## Problem statement
Dropping every picture, set down exactly the lines in the entries below, starting with the line with "Тимошенко решила идти" and going on through the line with "Satyr coloring #3, Download drawings".
##### Records provided
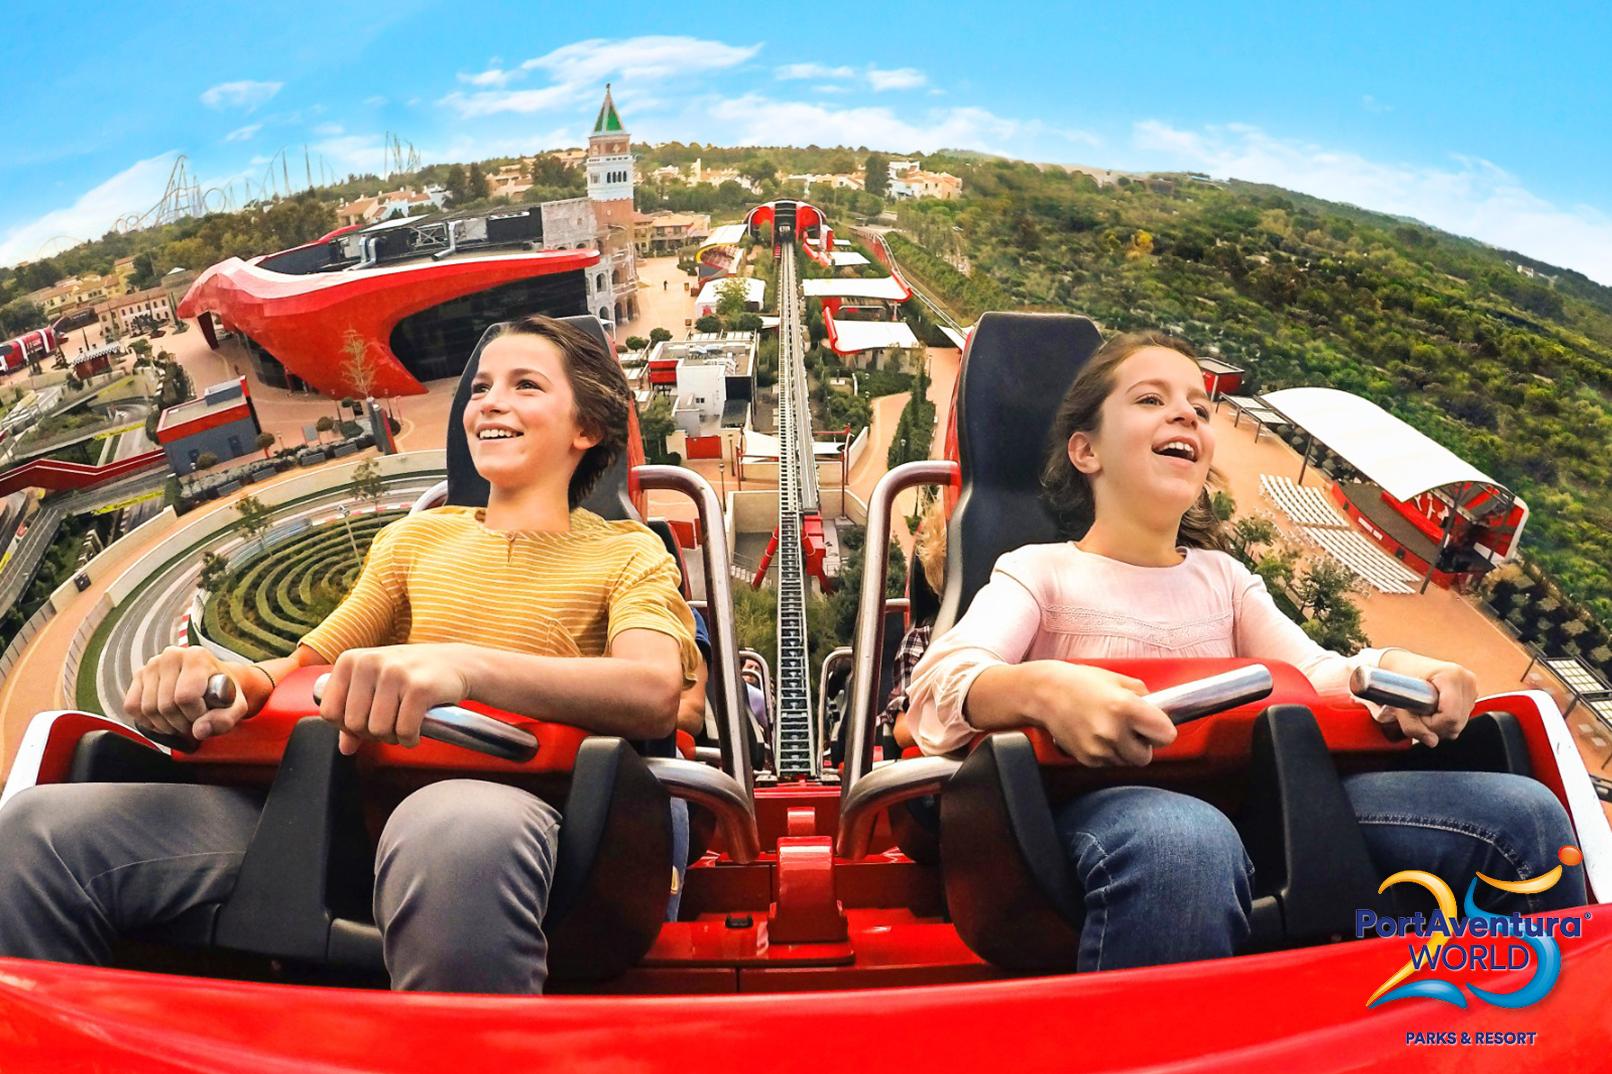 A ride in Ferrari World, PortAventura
##########
##### Records provided
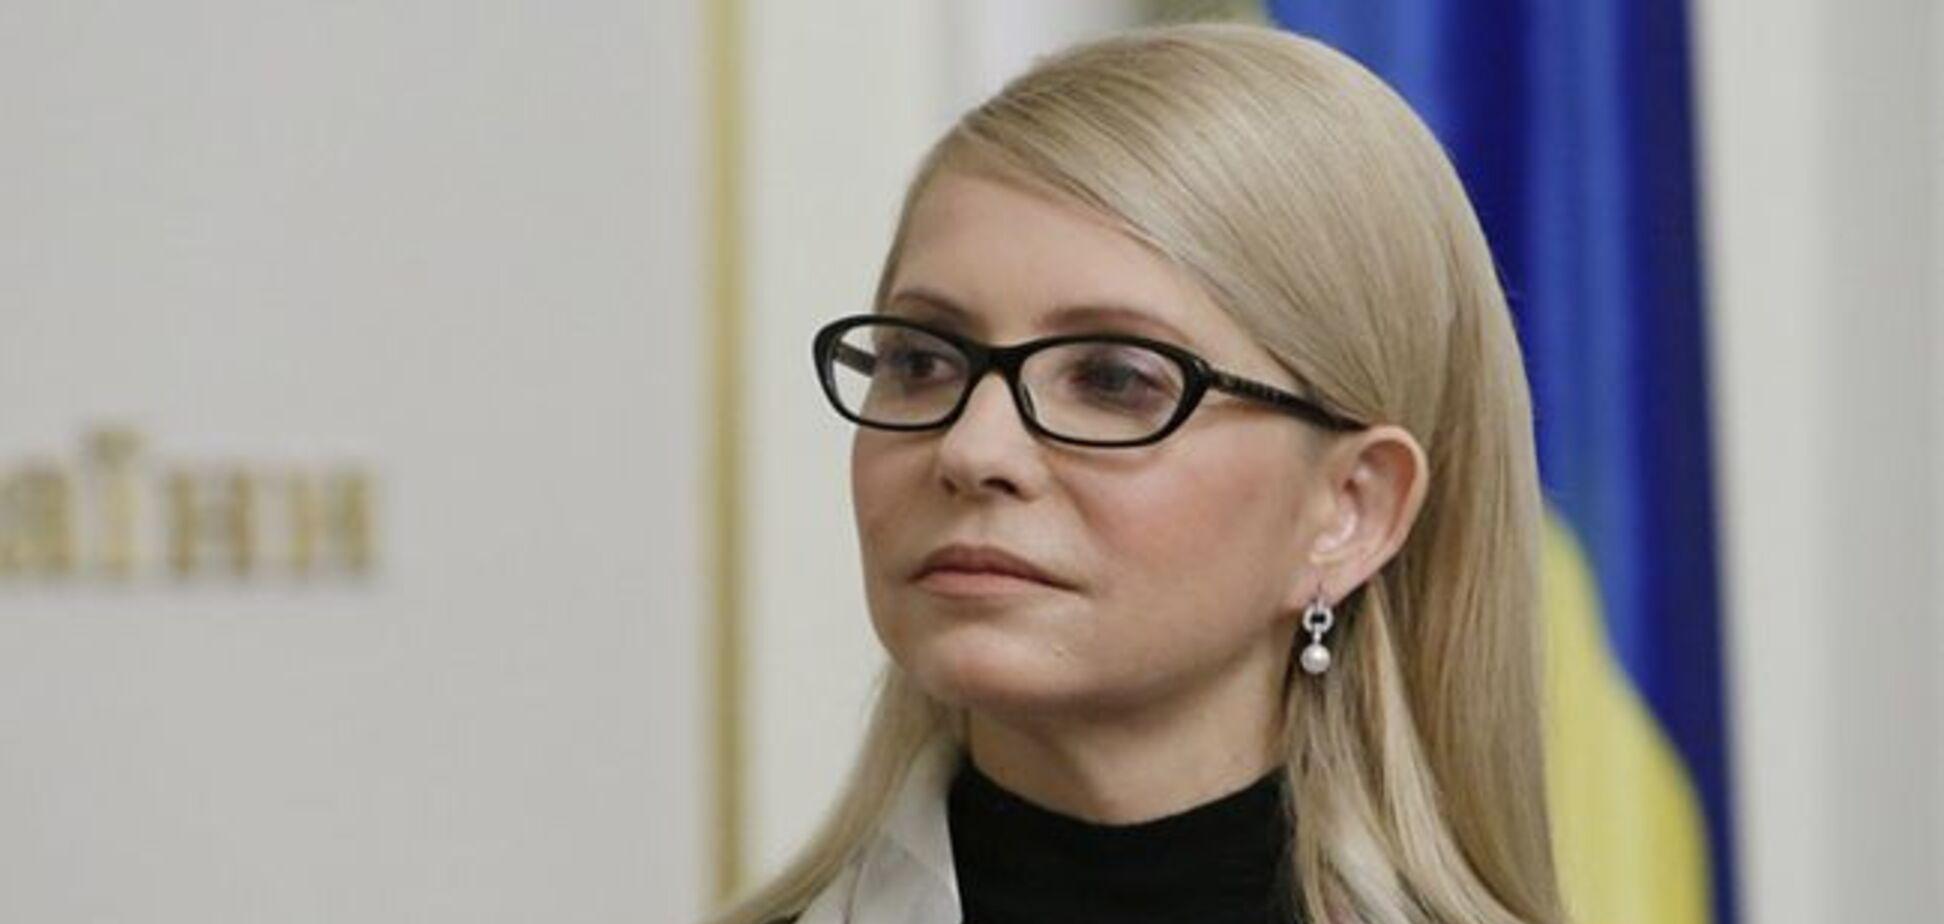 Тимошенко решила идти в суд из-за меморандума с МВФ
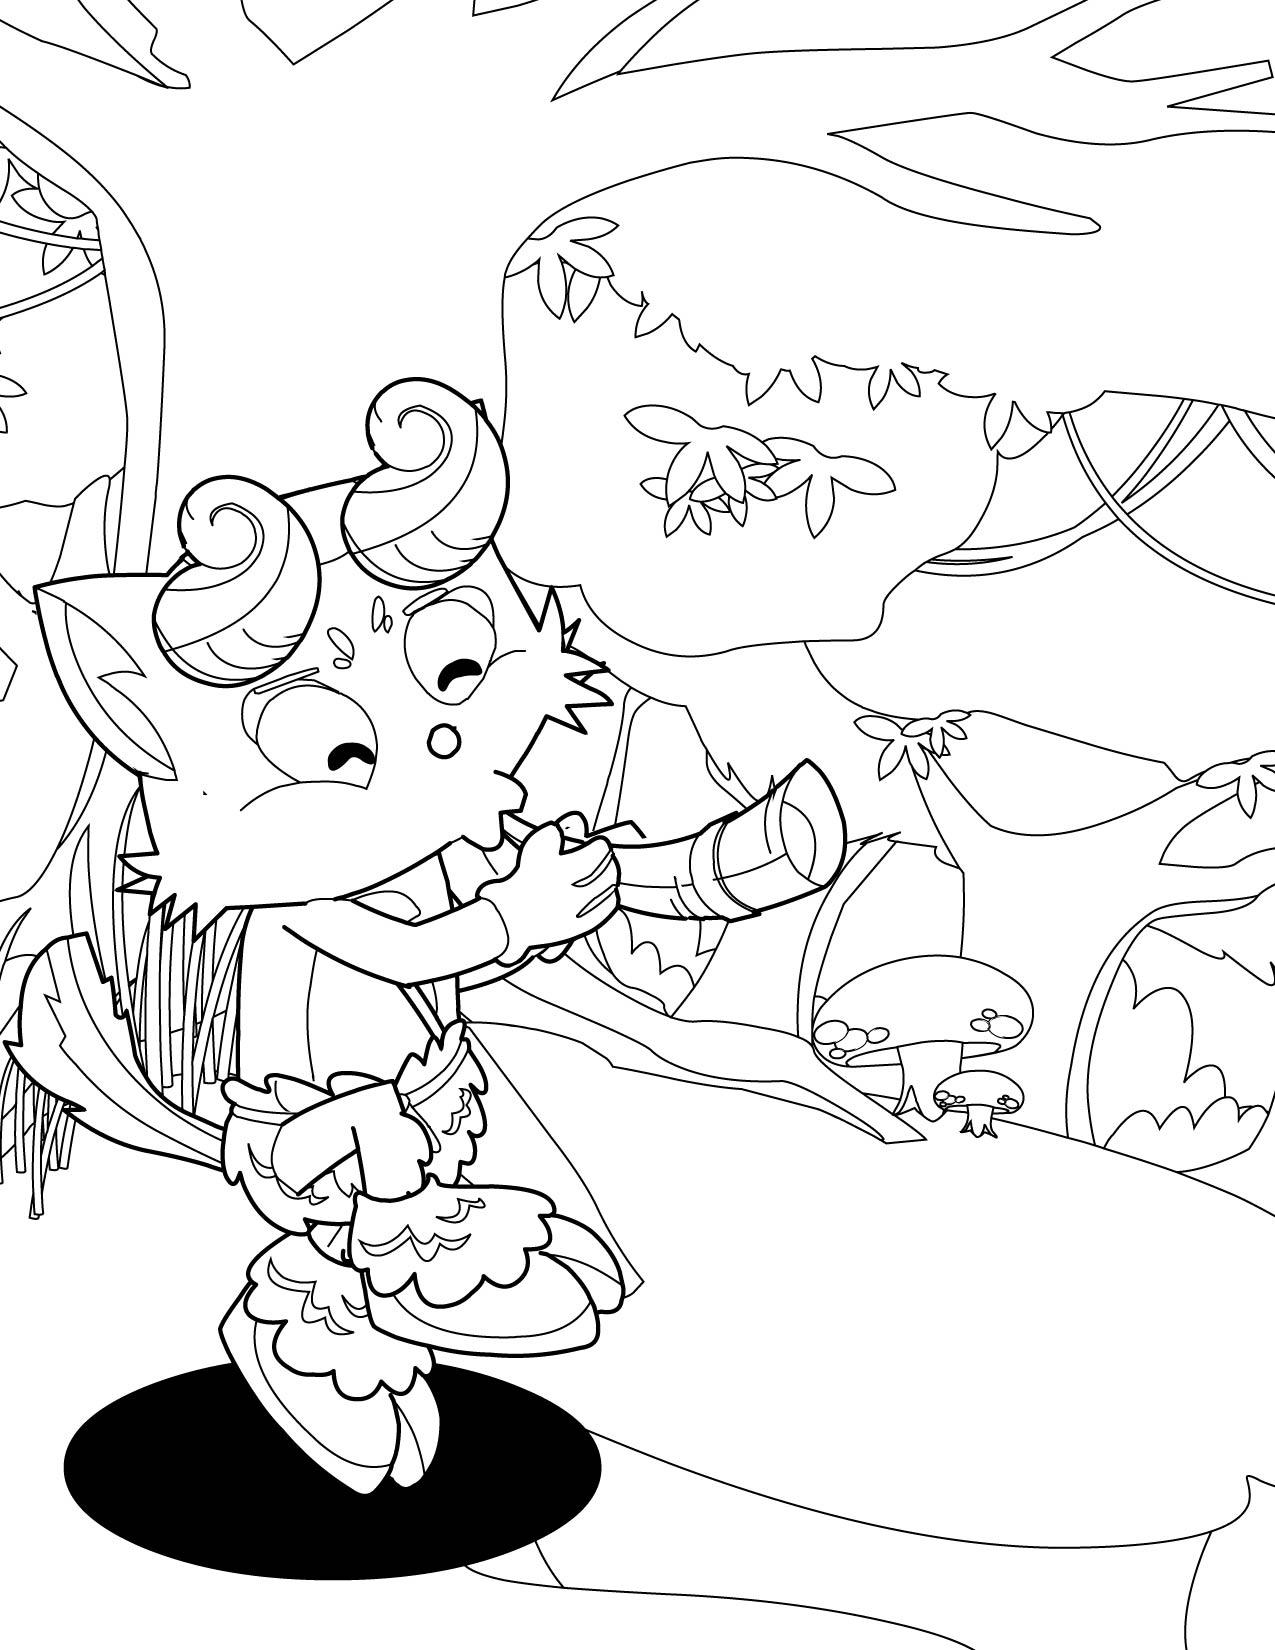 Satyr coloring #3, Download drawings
##########
## Result of the exercise
 Тимошенко решила идти в суд из-за меморандума с МВФ
 Satyr coloring #3, Download drawings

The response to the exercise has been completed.